Potential for improved teaching and learning through ICT – report

Potential for improved teaching and learning through ICT – report

East African teachers and learners can benefit from the adoption of ICT tools, a report says, though the tools must be appropriately designed and properly supported with infrastructure and ongoing professional development for teachers.

The study was funded by Ericsson and managed independently by a experts from the Earth Institute at Columbia University, Columbia University Teachers College, University of Nairobi in Kenya, and Kampala University in Uganda.

The investigators worked for one year in four secondary schools in East Africa, and found teachers reported significant increases in skill and comfort with using ICT for educational purposes.

Its findings indicated improvements in teaching and learning were evident when ICT tools and resources were well-designed and appropriate to school infrastructure and environment, but said ongoing training of teachers was vital.

“Research findings show that over the course of the study, guided use, training and professional development workshops offered essential support for teachers focusing on using ICT in their classrooms,” said the report authors.

“There were significant increases both in teachers’ reported skill and comfort with using ICT for educational purposes, as well as in the observed use of ICT in their classrooms.”

According to the report, 21 per cent of teachers considered themselves to be “advanced” users of ICT at the beginning of the project, which increased to 45 per cent by the end of the period. There was also an 18 per cent increase in reported use of ICT in the classroom over the course of the project.

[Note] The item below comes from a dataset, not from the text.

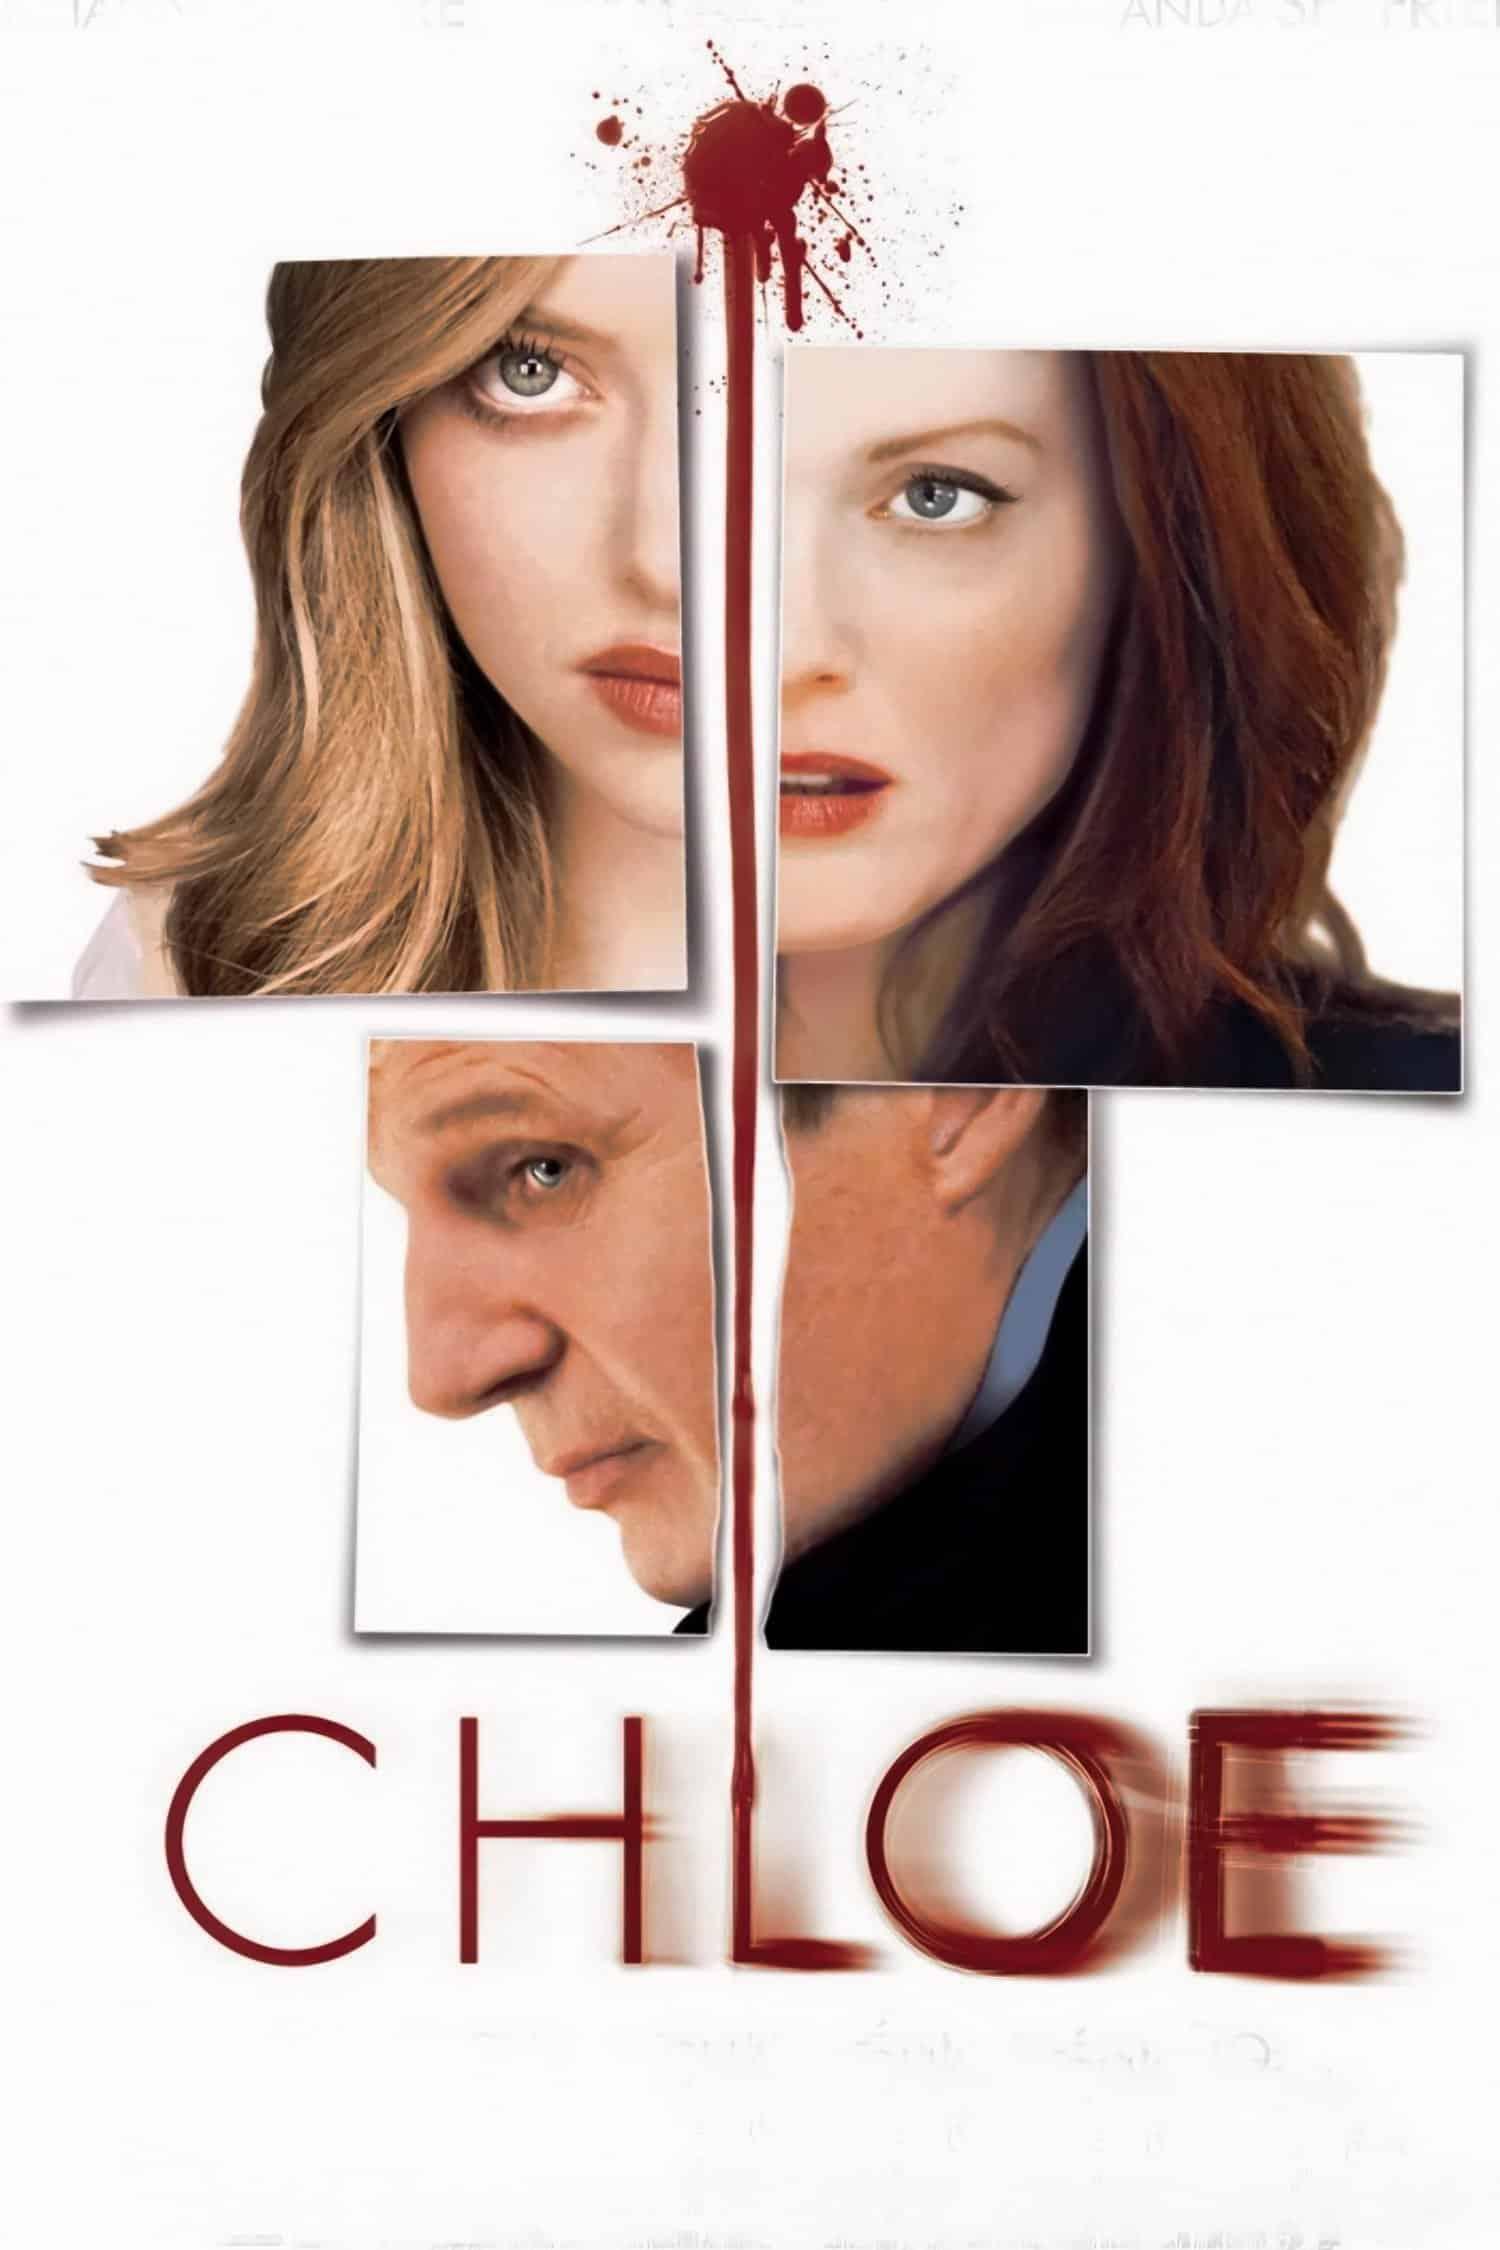 Chloe, 2009

Recommendations to make the most of the potential of ICT include provision of physical infrastructure, open access to hardware policies, electrical outlets, development of ICT infrastructure such as Wi-Fi, computers and projectors, developing teachers’ skills, and open source teaching and learning resources.

It called for student participation, and said it should be implemented through a public-private partnership (PPP), with each site urged to hire local facilitators to provide ongoing support.

Professor Jeffrey Sachs, director of the Earth Institute at Columbia University and special advisor to the United Nations (UN) secretary-general, said: “Education is at the very core of economic development and a key to ending poverty. In the world economy today, every nation’s success depends on the education of its people, ICT will increasingly be at the center of the education process.

“ICT offers new and creative ways to combine classroom experience, home learning, global outreach, and connectivity of students and teachers to the burgeoning network of online learning now accessible throughout the world. Classrooms everywhere, from primary schools to higher education, will be dramatically transformed in exciting and enriching ways.

“Effectively integrating technology into teaching practices in resource-poor settings requires bringing many key elements together to enable ICT to fulfill its great potential for improving student learning outcomes.

“Reliable connectivity, a consistent energy supply, and teacher training are among the key elements for getting started. Designing new curricula that combine online and classroom learning is another high priority. Through broad-based investment and dynamic partnerships with the telecommunications leaders of the world, there is a huge and thrilling opportunity at hand.”